Как я могла ему не открывать?
Вообще, соседи удивительно умели поднять мне настроение. Иногда из сложных командировок я возвращалась без сил. Зарывалась в кровать и тихо лежала, как будто меня нет вовсе. Но сосед всегда знал, что я вернулась, и стучал уже спозаранку: «А что вы к нам не заходите, Женя? Я вас слышал, вы приехали! Приходите к нам с мамой на ужин! Мама дочитала Довлатова, нам будут ставить пластиковые окна!»
Я пришла, и соседка сразу спросила, что у меня с лицом. «Мне, Ирина Соломоновна, последние несколько дней хочется выть». — «Женя, когда вам хочется выть, приходите к нам. Вот в субботу вечером будет концерт по радио. Под него, если захотите, сможете выть, главное — не громко».
Я рассмеялась и спросила ее о счастье. Она ответила: «Я счастлива. У меня была любовь, у меня есть здравый ум и зоркие глаза, чтобы читать книги, есть радио. Есть Дима, у Димы есть я. К нам бесплатно приходит помощница по хозяйству… Почему бы мне не быть счастливой?» Дима поддакнул: «Мама весь день читает, а потом она спит. Ей некогда быть несчастной. А я пишу стихи, и, когда пишу, я счастлив! Пусть я никогда их не напечатаю и никто их не читает, но я ПИШУ! Да, я одинок, одиночество — весьма неприятная штука. Но боже мой, зато я никому ничего не должен!»
«У меня нет друзей, кроме разве что вас, — сказала соседка. — Но я не чувствую себя одинокой: у меня есть книги! Дать вам что-нибудь почитать?»

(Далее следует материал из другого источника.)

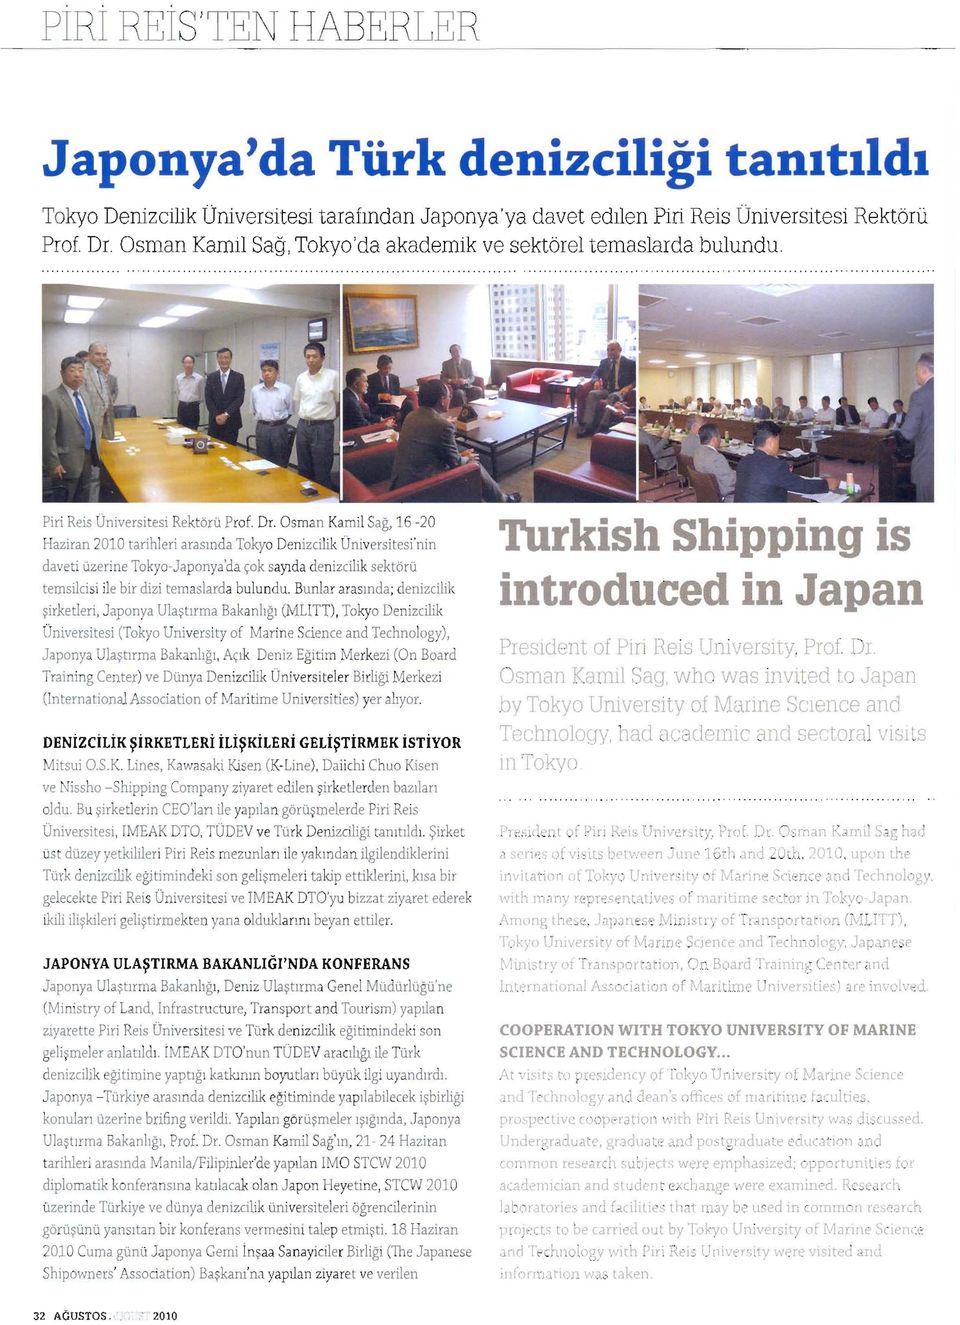 Osman Kamil S a ğ, 16-20 Haziran 2010 tarihleri a ras ın da Tokyo Denizcilik Üniversitesi'nin daveti üzerine Tokyo-Japonya'da çok s ayı d a denizcilik sektörü temsilcisi ile bir dizi temaslarda

У Ирины Соломоновны много классики. Спросила, нет ли Чехова, я бы перечитала. Она изменилась в лице и тихо сказала: «Чехов есть, но я не могу вам его дать по техническим причинам». Виновато объяснила, что Чехов — любимый писатель ее мамы. Перед смертью мама слегла, три месяца провела в кровати. Она не могла ходить в туалет, мыться, но могла читать. «И вот она читала книги Чехова, — говорит соседка. — Обложилась ими и читала. Когда она умерла, мне пришлось выбросить диван, на котором она лежала: в нем завелись клопы, он жутко вонял. И Чехов… Понимаете, Женя, он тоже весь провонял. Я его убрала за стекло, так и стоит…» Спросила, почему она просто не выбросила эти книги? «Как можно, Женя, это же ЧЕХОВ».
* * *
Незадолго до того, как в их дом пришла беда и наше размеренное общение закончилось, я заболела. Высокая температура, я едва вставала с кровати. На привычный Димин стук прокашляла, что болею. Через час стук раздался снова. Какой-то чужой, очень настойчивый. Я открыла дверь и ахнула: передо мной стояла взъерошенная соседка и дрожащей рукой протягивала тарелку супа. Суп трясся и расплескивался. Я подхватила тарелку, а она сказала: «Вам, Женя, обязательно нужен суп, чтобы поправиться. Ешьте». Развернулась и, придерживаясь за стены, пошаркала к себе в квартиру. Я ошарашенно смотрела ей вслед: человек, который панически боится ходить даже из комнаты в кухню, преодолел лестничную клетку, чтобы принести мне суп. Вот это да!
Днем снова раздался стук. Ирина Соломоновна, уже причесанная, опять распорядилась: «Давай тарелку и ложку, я положу тебе жаркое!» — «Мне неудобно, я сытая…» — промямлила я. «Что значит неудобно? Тебе надо есть!» Видимо, обратную дорогу с полной тарелкой она уже не осилила, потому что на пороге стоял Дмитрий. «Женя! — торжественно, как и всегда, заявил он, протянув мне тарелку. — Ваша болезнь — это ваш крест! Вам выпала честь его нести! Сегодня я написал поддерживающее стихотворение в вашу честь. Оно так и называется — “Крест”!» Увидев мое лицо, он поторопился сообщить, что читать мне его сейчас не станет, потому что видит: мне и так плохо.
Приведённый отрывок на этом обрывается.